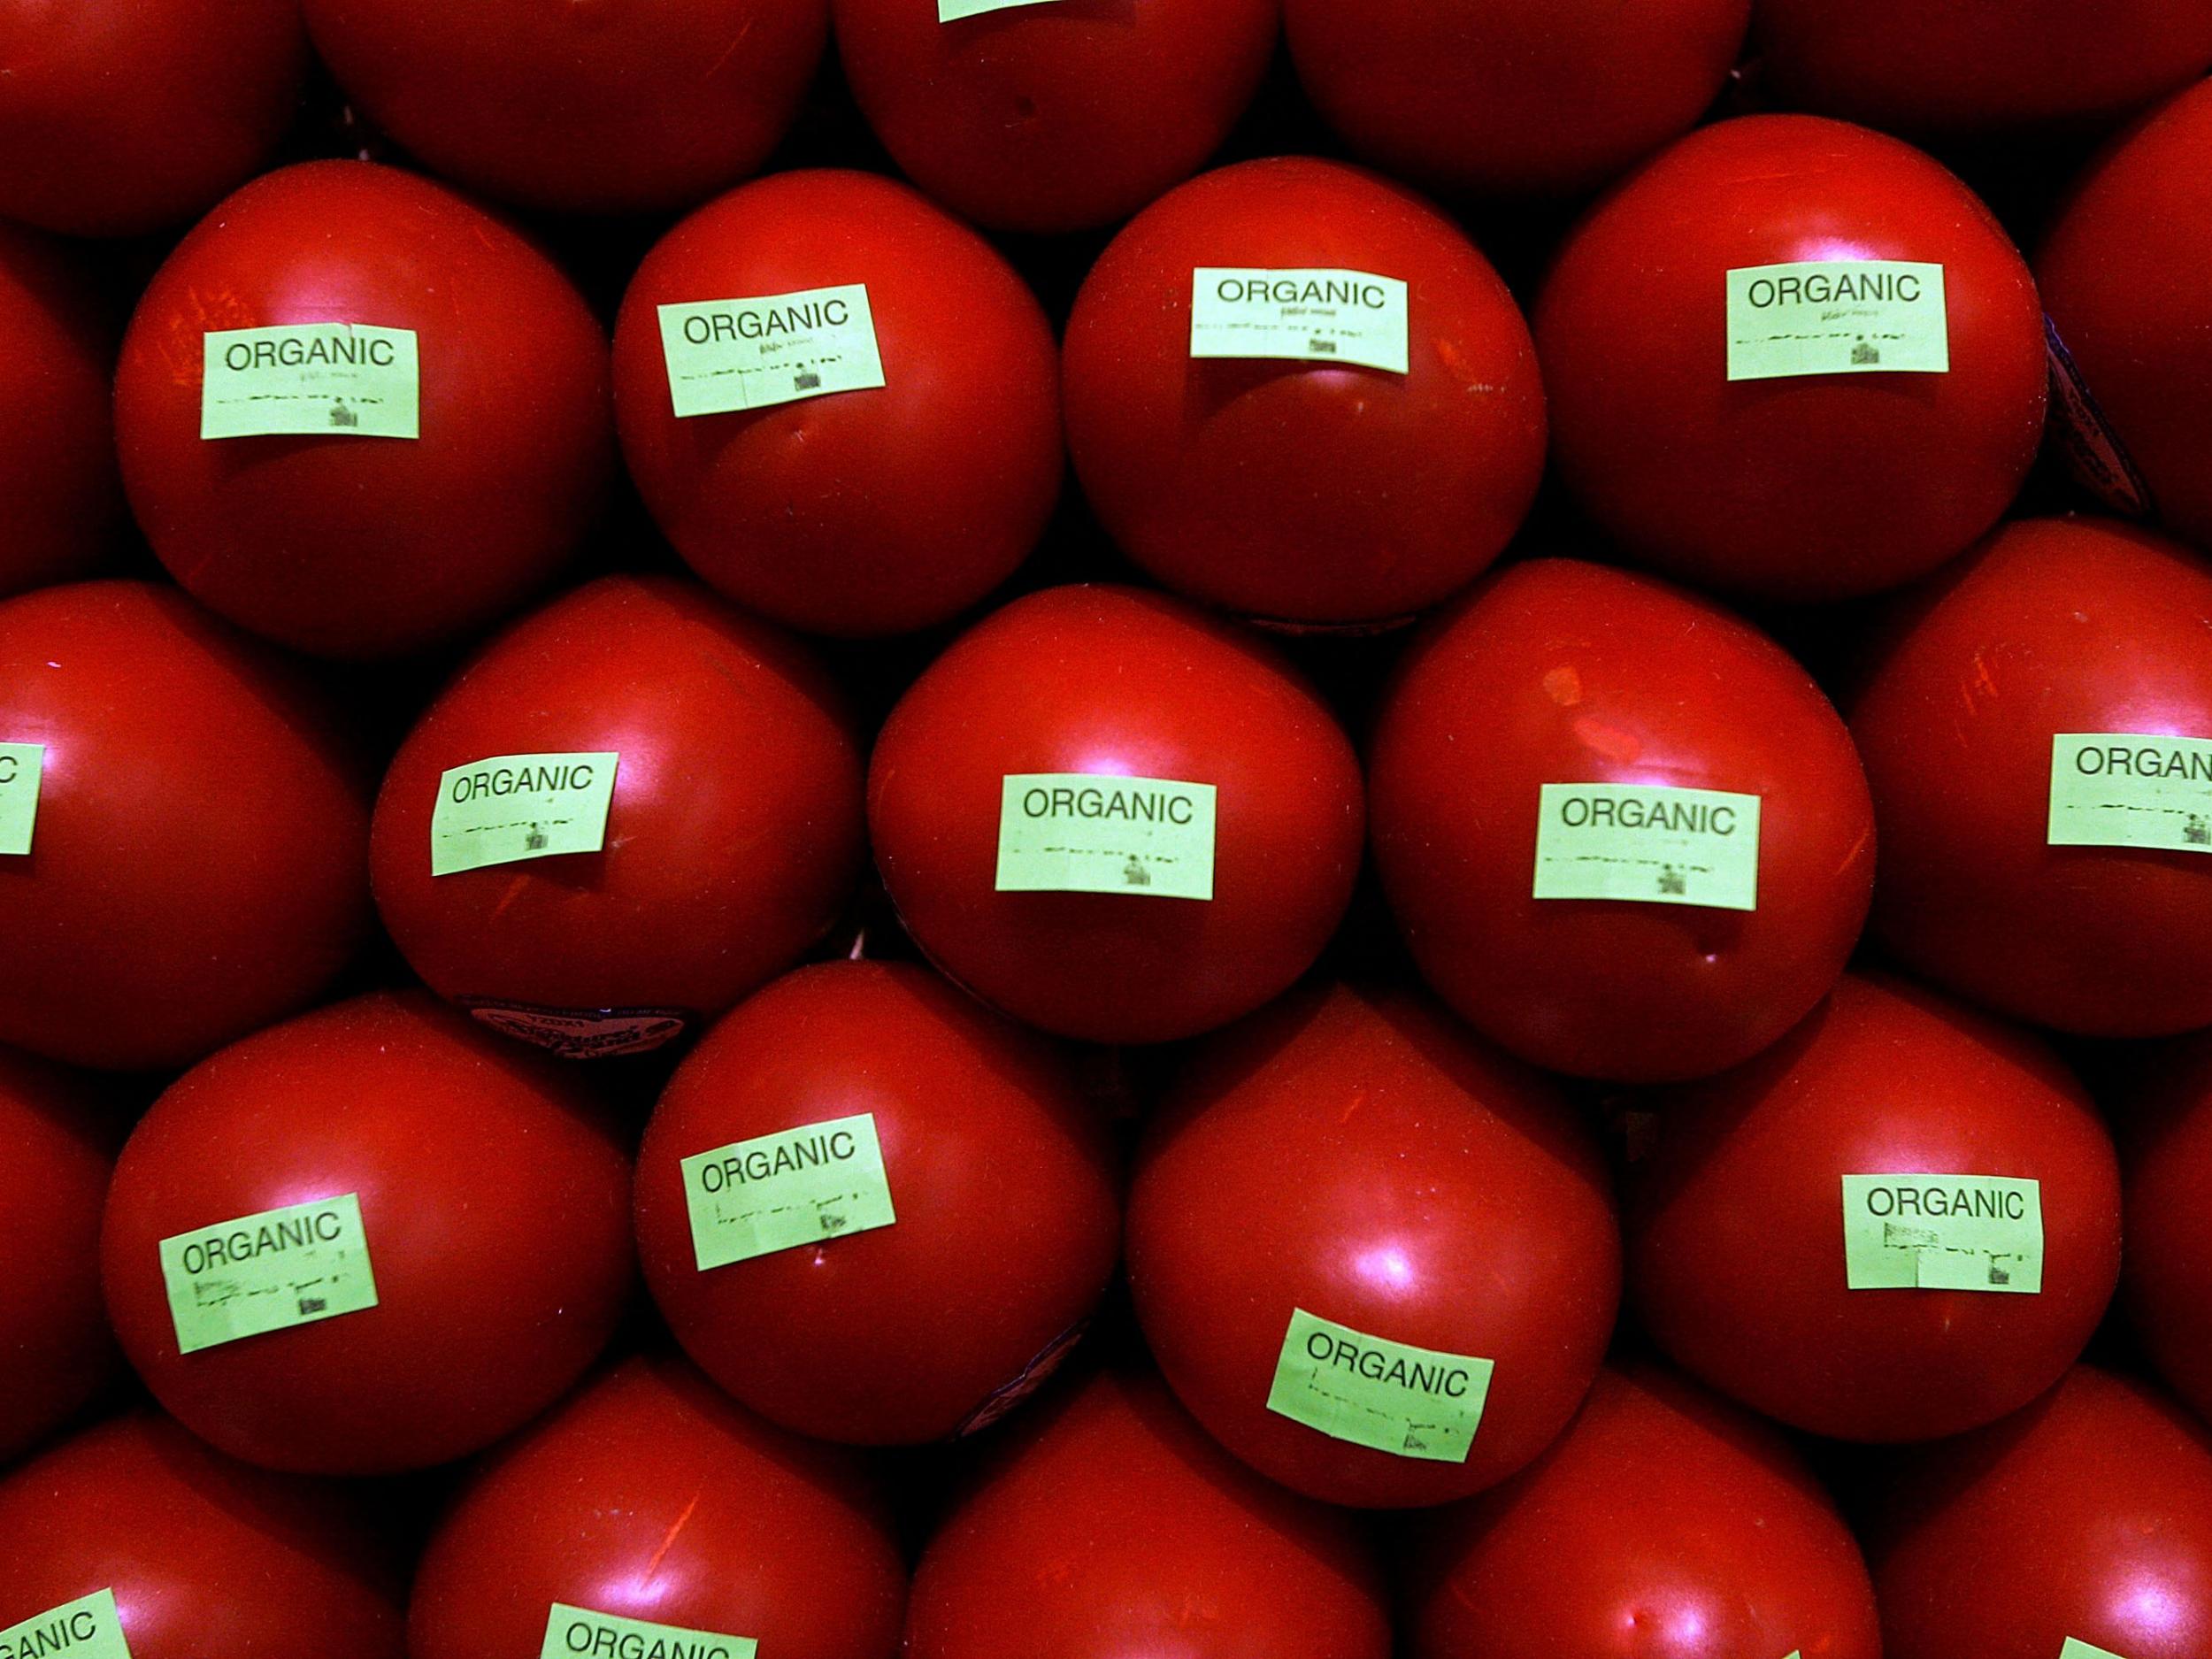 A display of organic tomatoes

==

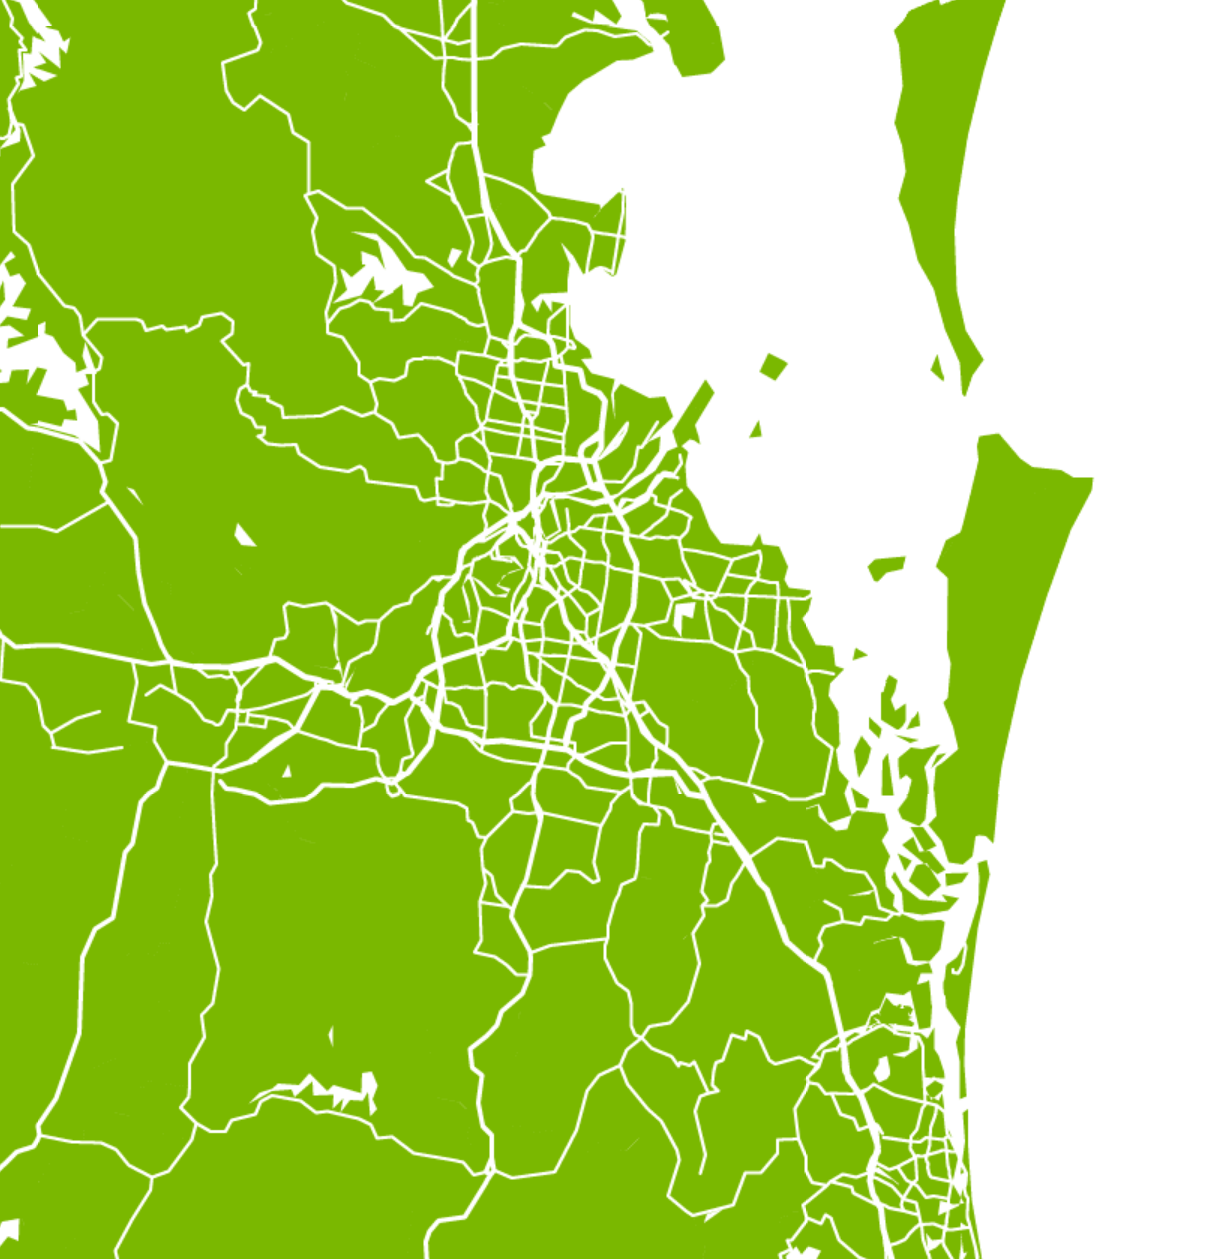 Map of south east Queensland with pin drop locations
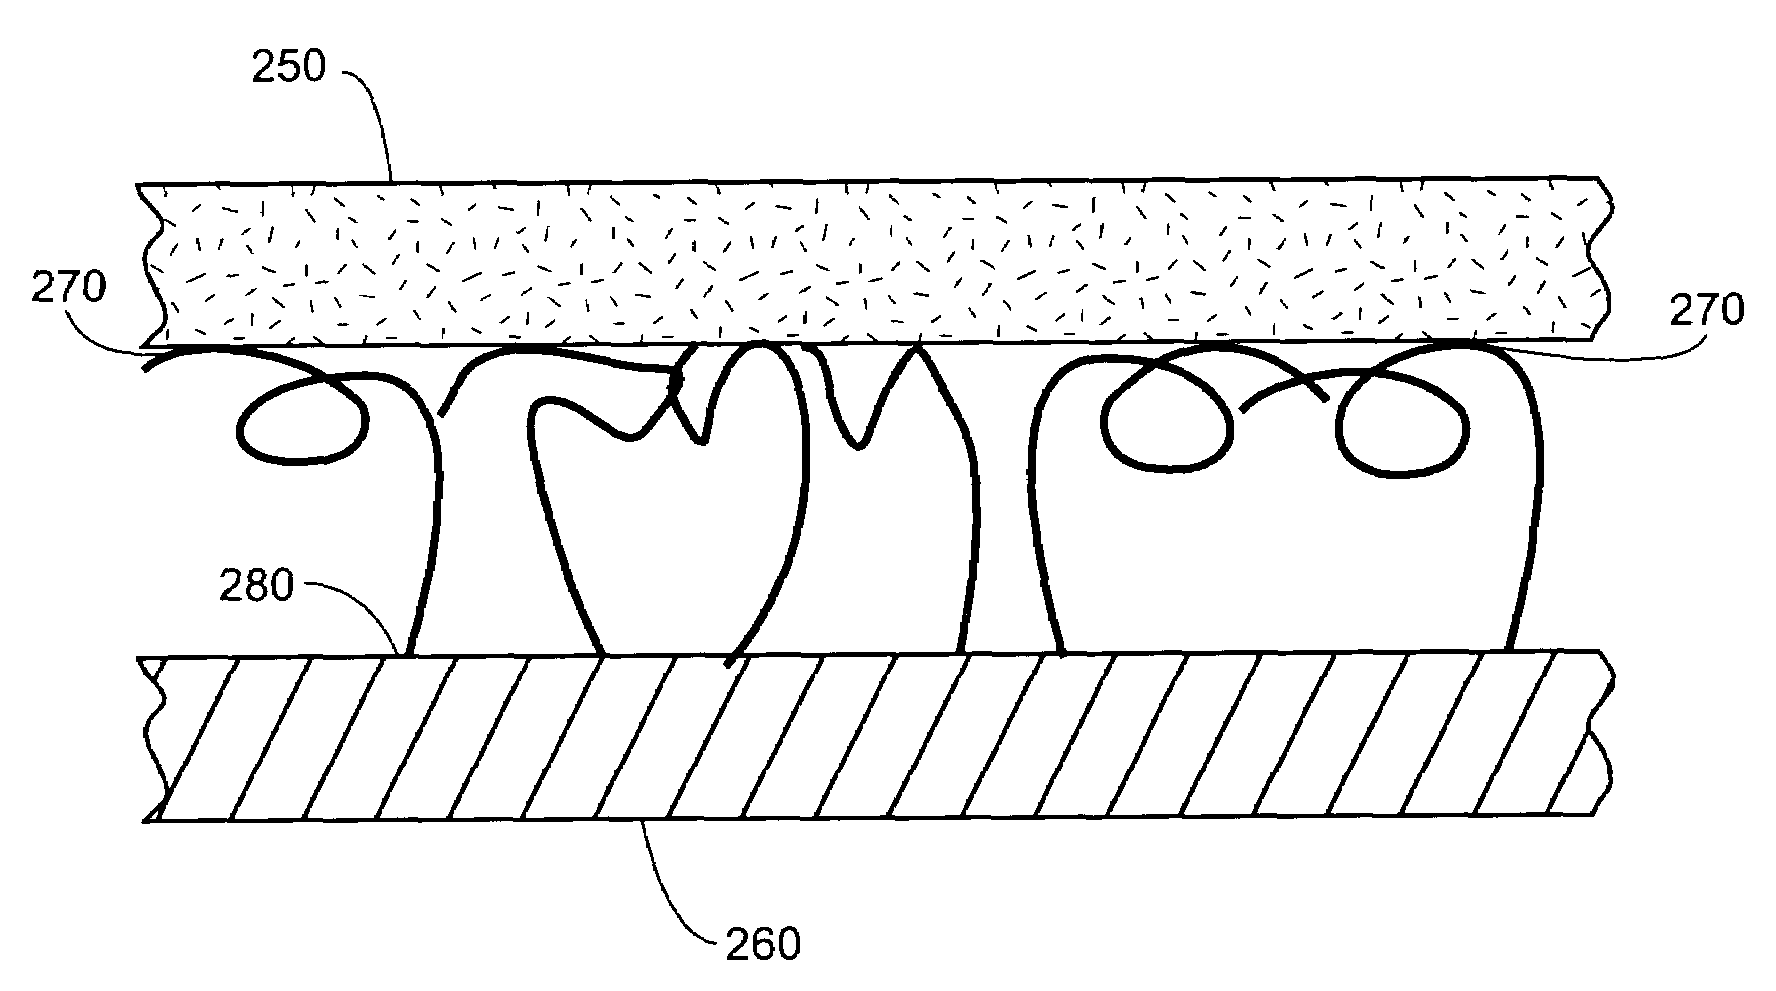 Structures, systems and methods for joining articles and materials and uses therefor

**What to work on**
Set down word for word the lines above from the one with "Map of south" up to and including the one with "Structures, systems and". Omit every picture.

**Response**
 Map of south east Queensland with pin drop locations
 Structures, systems and methods for joining articles and materials and uses therefor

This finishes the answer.